--- TASK TO COMPLETE ---
Everything below from the line with "Application: 2005-2006, No" through the line with "A model wearing" should be copied exactly, and nothing else; leave out the pictures.

--- INPUT FOR THIS TASK ---
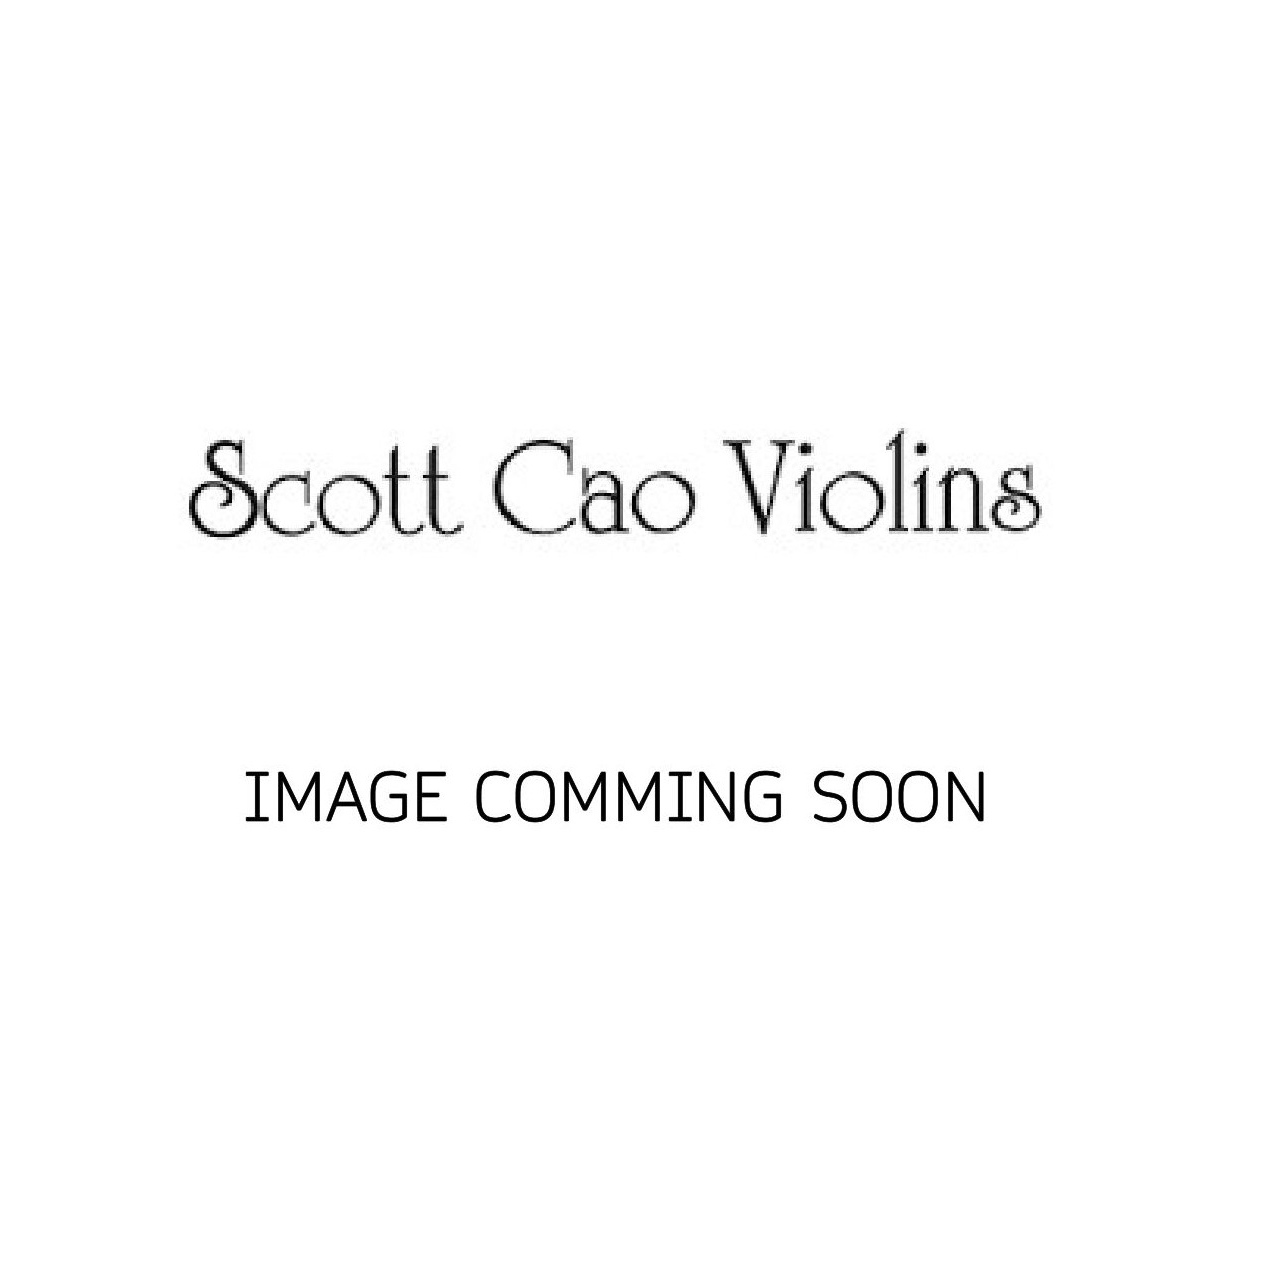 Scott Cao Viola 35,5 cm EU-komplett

* * *

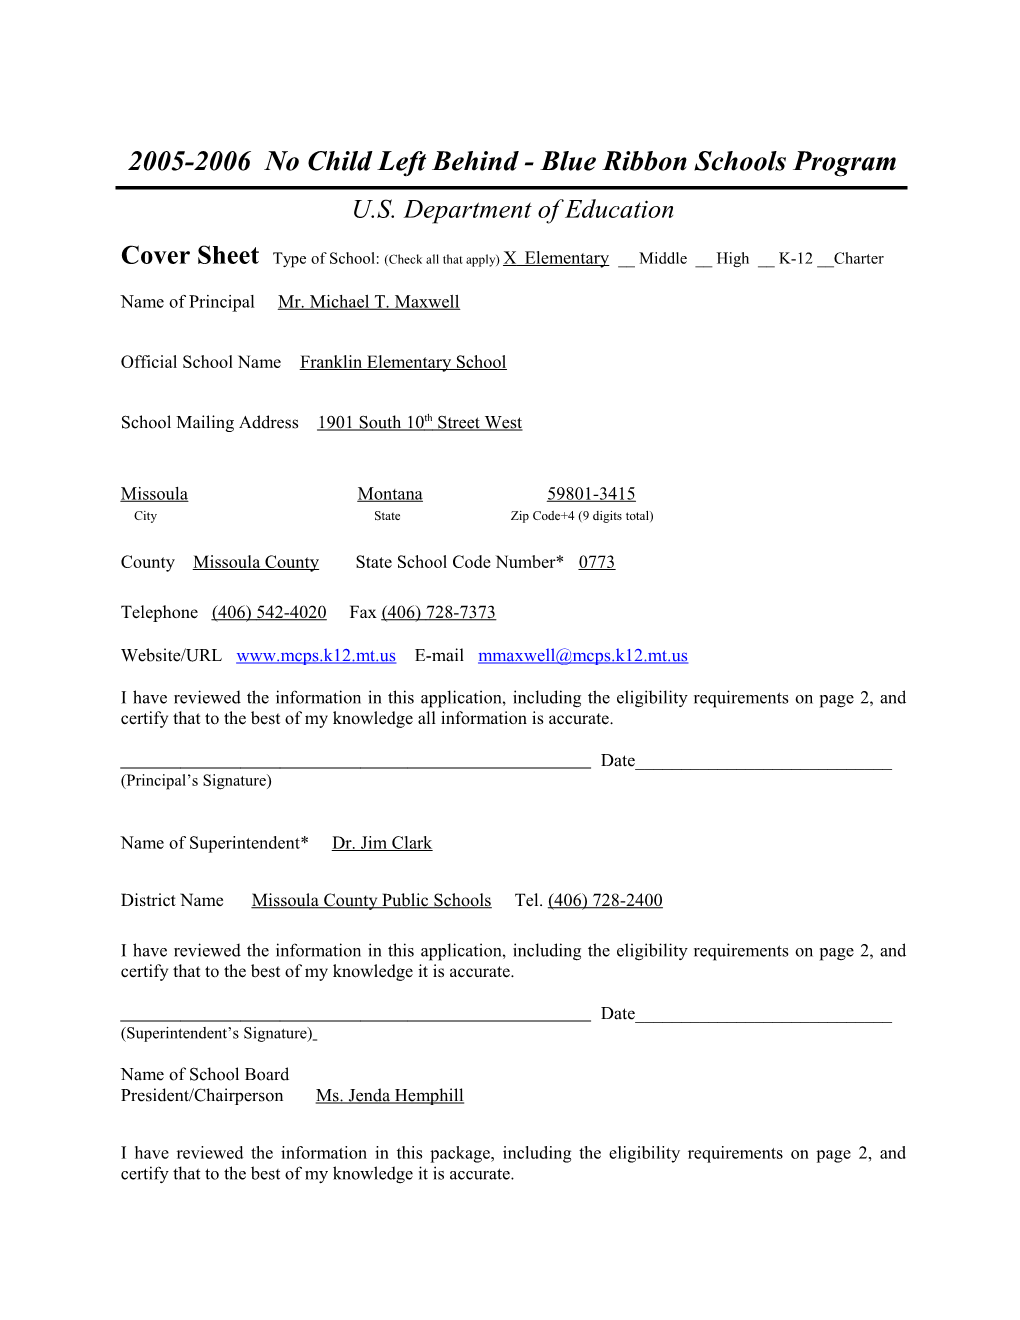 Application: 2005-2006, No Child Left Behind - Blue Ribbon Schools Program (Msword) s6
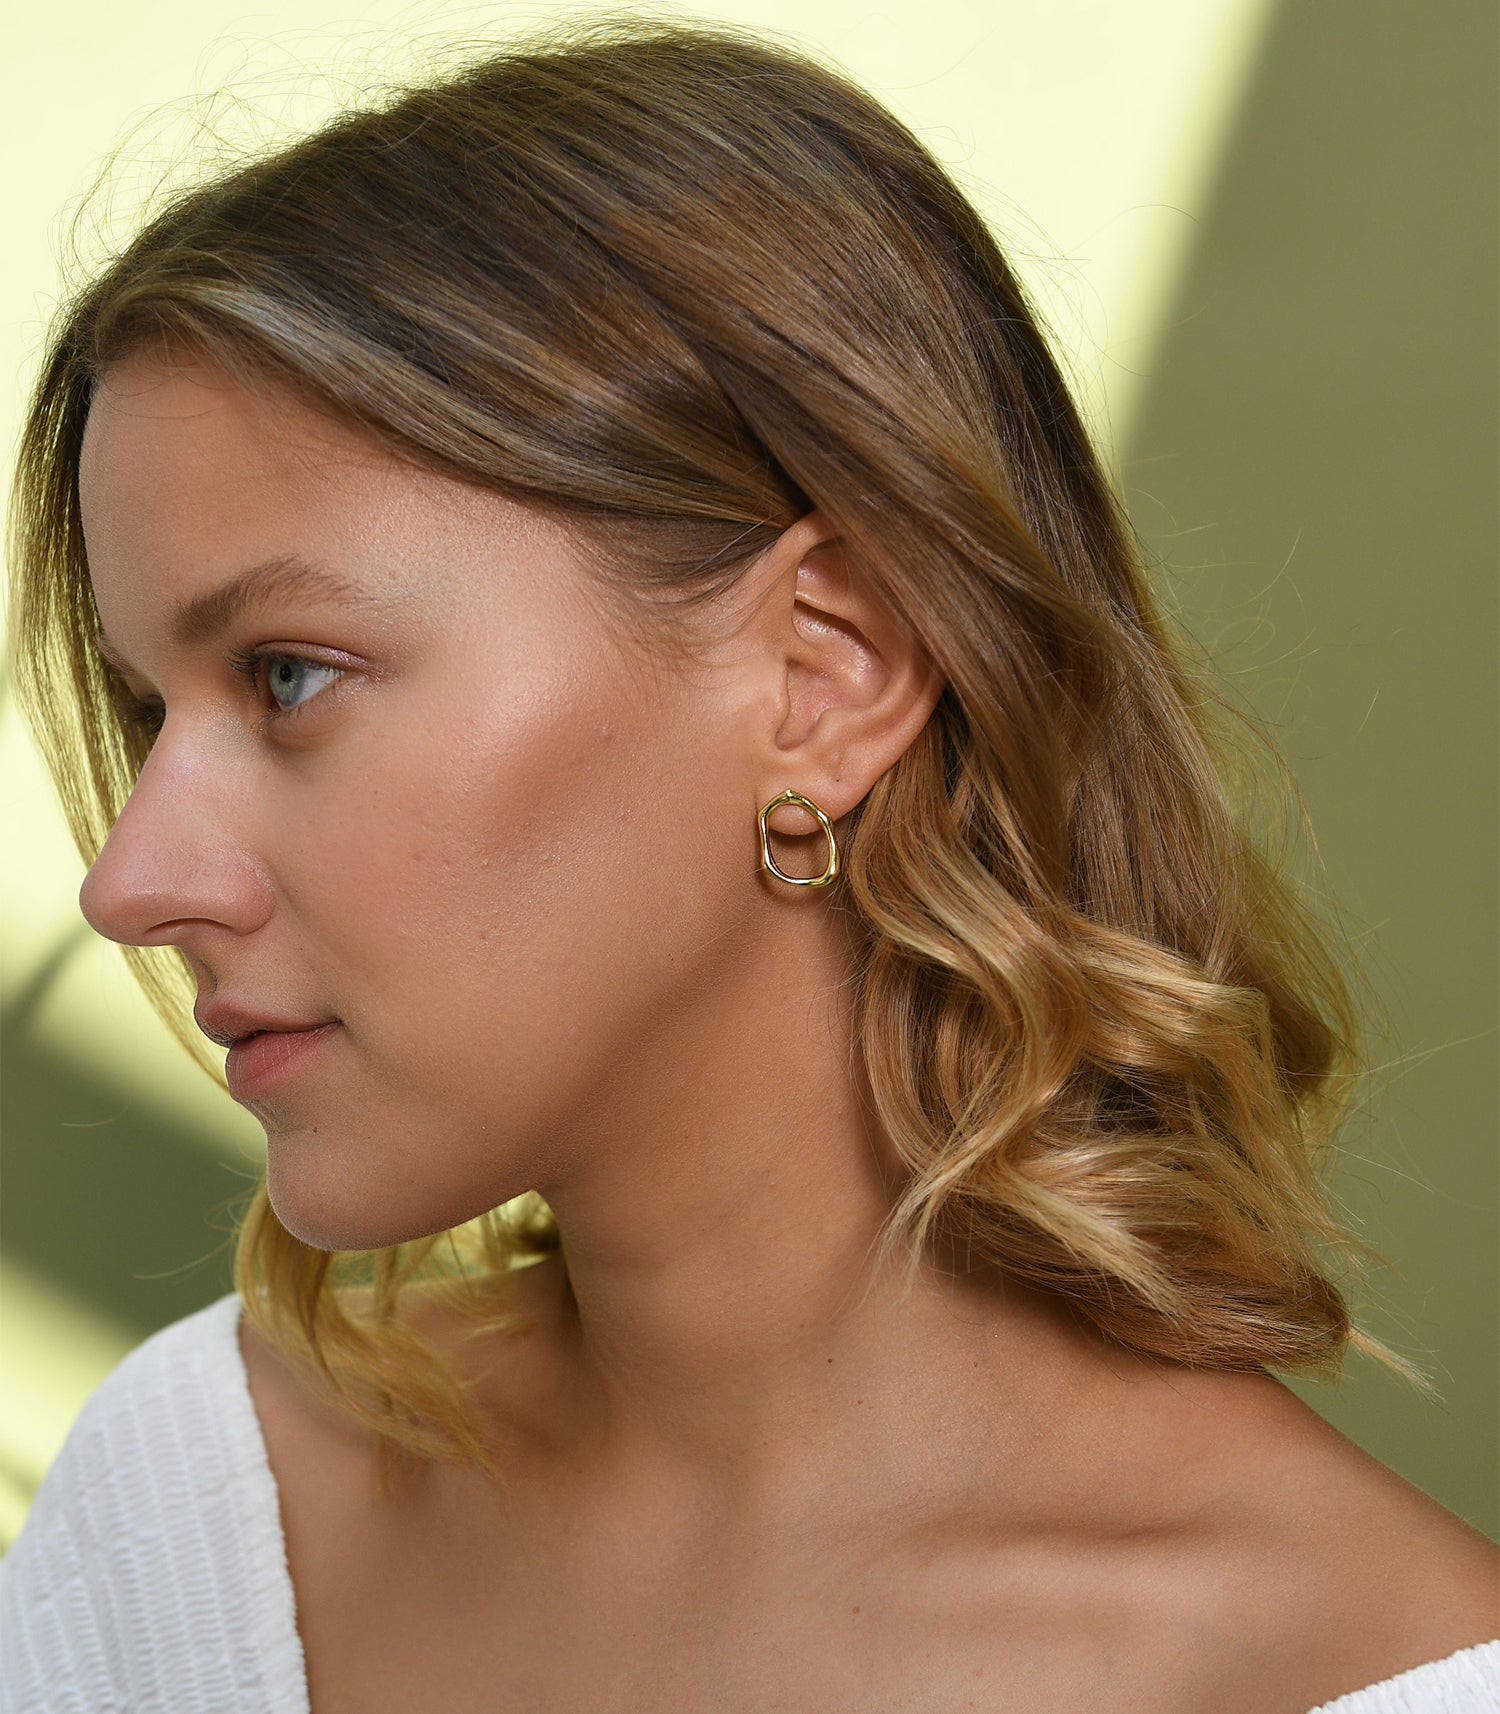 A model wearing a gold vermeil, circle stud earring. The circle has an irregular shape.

==

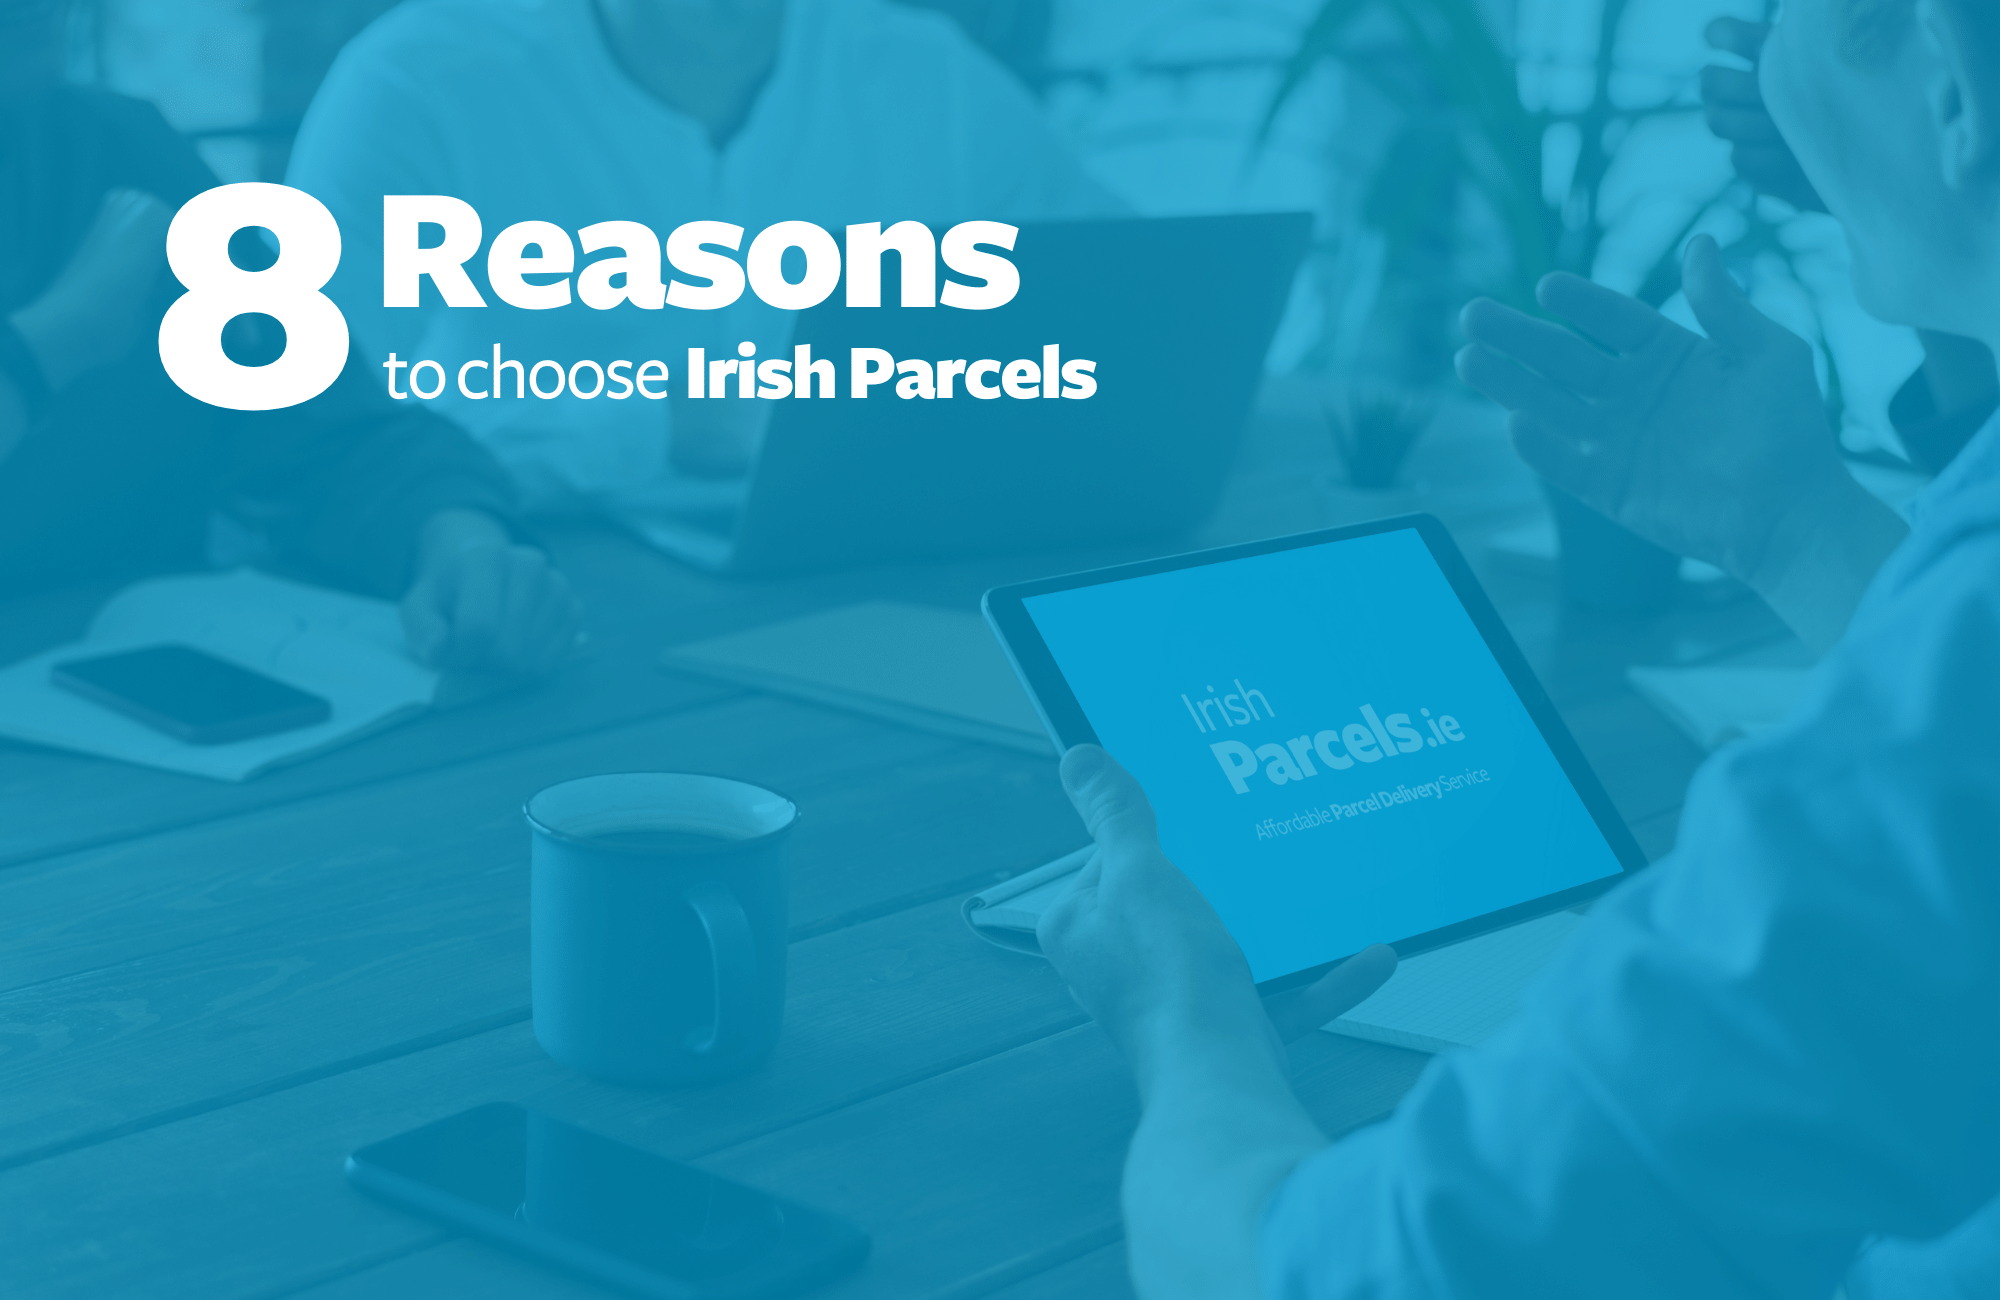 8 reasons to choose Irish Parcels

--- THE ANSWER ---
 Application: 2005-2006, No Child Left Behind - Blue Ribbon Schools Program (Msword) s6
 A model wearing a gold vermeil, circle stud earring. The circle has an irregular shape.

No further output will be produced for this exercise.